The concept of a reference implementation provides tremendous value in deployment. Following a pattern that is a reference implementation enables you to compare notes, get help and ultimately upgrade and change deployment in known, predictable ways. Customers who can follow and implement a vendors’ reference, or the community’s reference implementation, are able to ask for help on the mailing lists, call in for help and work with the community in ways that are consistent and predictable.

Let’s explore what a reference implementation looks like.

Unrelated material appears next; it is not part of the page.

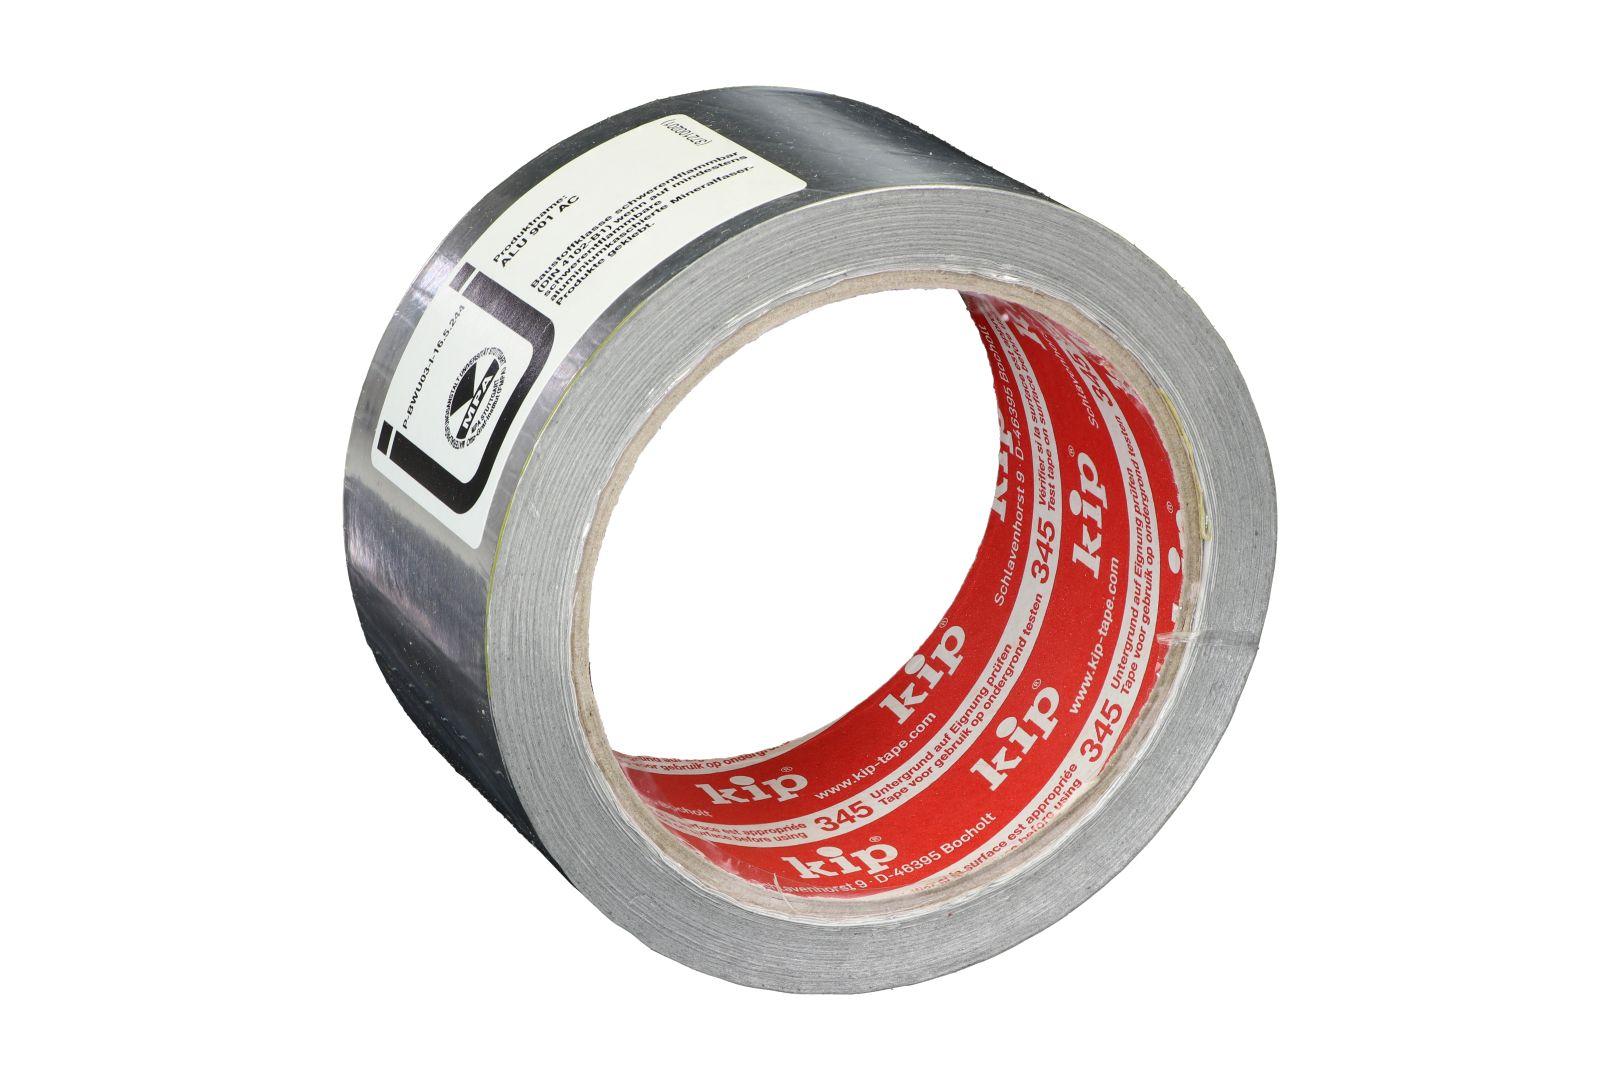 KIP 345-31, Aluminiumklebeband mit Liner, Aluband, 50 mm x 25 m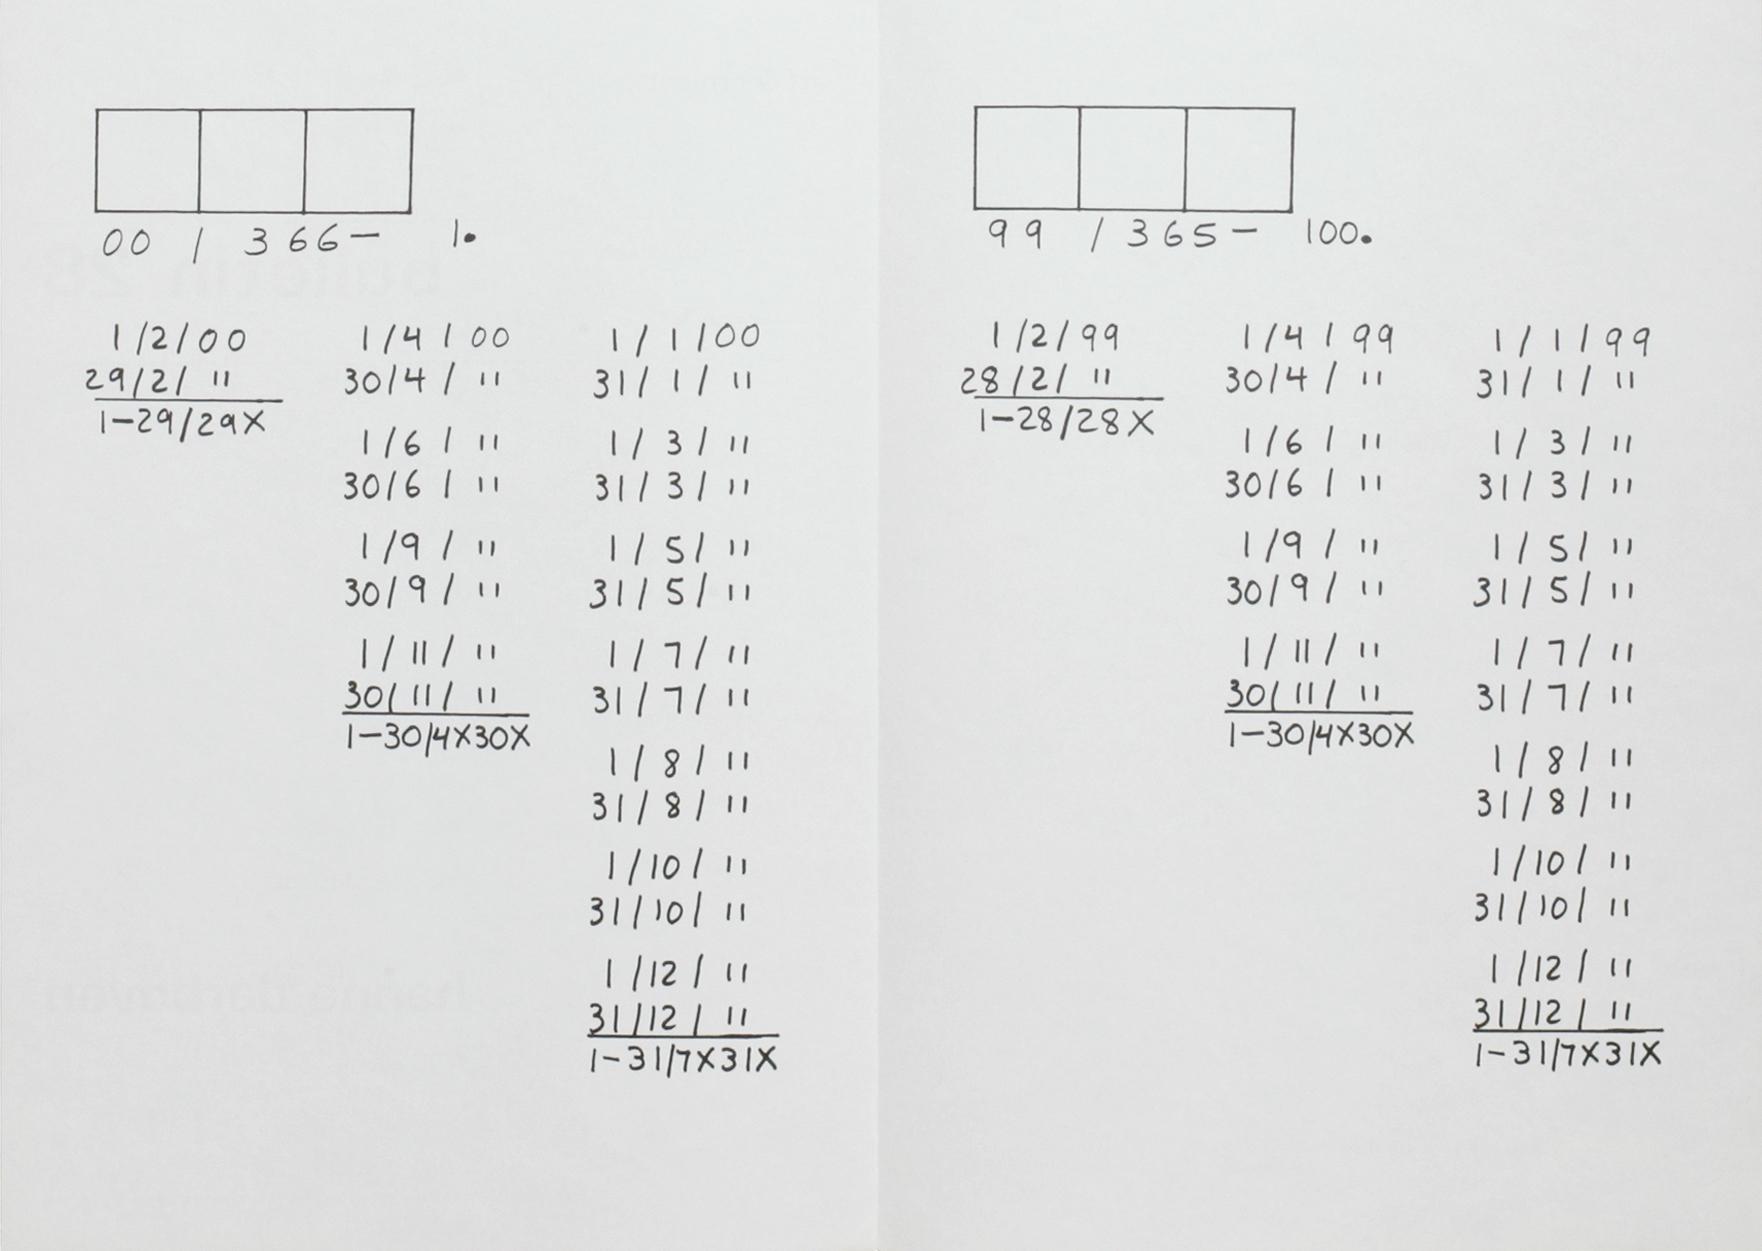 Hanne Darboven, art & project, Bulletin 28, Amsterdam, 1970 (Bulletin, Edition, Invitation); Sammlung Marzona, Kunstbibliothek – Staatliche Museen zu Berlin; © VG Bild-Kunst, Bonn

In a reference implementation you have a consistent, known state of your physical infrastructure that has been implemented based upon a RA. That implementation follows a known best practice using standard gear in a consistent, known configuration. You can therefore explain your configuration to a community of other developers, or other people who have similar configuration, and can validate that your problem is not the physical configuration. Fundamentally, everything in a reference implementation is driving towards the elimination of possible failure cause. In this case, we are making sure that the physical infrastructure is not causing problems (getting to a ready state), because other people are using a similar (or identical) physical infrastructure configuration.

The next components of a reference implementation are the underlying software configurations for operating system management monitoring network configuration, IP networking stacks. Pretty much the entire component of the application is riding on. There are a lot of moving parts and complexity in this scenario, witha high likelihood of causing failures. Implementing and deploying the software stacks in an automated way, has enabled us to dramatically reduce the potential for problems caused by misconfiguration. Because the number of permutations of software in the reference stack is so high, it is essential that successful deployment tightly manages what exactly is deployed, in such a way that they can identify, name, and compare notes with other deployments.

Achieving Repeatable Deployments

In this case, our referenced deployment consists of the exact composition of the operating system, infrastructure tooling, and capabilities for the deployment. By having a reference capability, we can ensure that we have the same:

  • Operating system
  • Monitoring
  • Configuration stacks
  • Security tooling
  • Patches
  • Network stack (including bridges and VLAN, IP table configurations)

Each one of these components is a potential failure point in a deployment. By being able to configure and maintain that configuration automatically, we dramatically increase the opportunities for success by enabling customers to have a consistent configuration between sites.

Repeatable reference deployments enable customers to compare notes with Dell and with others in the community. It enables us to take and apply what we have learned from one site to another. For example, if a new patch breaks functionality, then we can quickly determine how that was caused. We can then fix the solution, add in the complimentary fix, and deploy it at that one site. If we are aware that 90% of our other sites have exactly the same configuration, it enables those other sites to avoid a similar problem. In this way, having both a pattern and practice referenced deployment enables the community to absorb or respond much more quickly, and be successful with a changing code base. We found that it is impractical to expect things not to change.

The only thing that we can do is build resiliency for change into these deployments. Creating an automated and tested referenceable deployment is the best way to cope with change.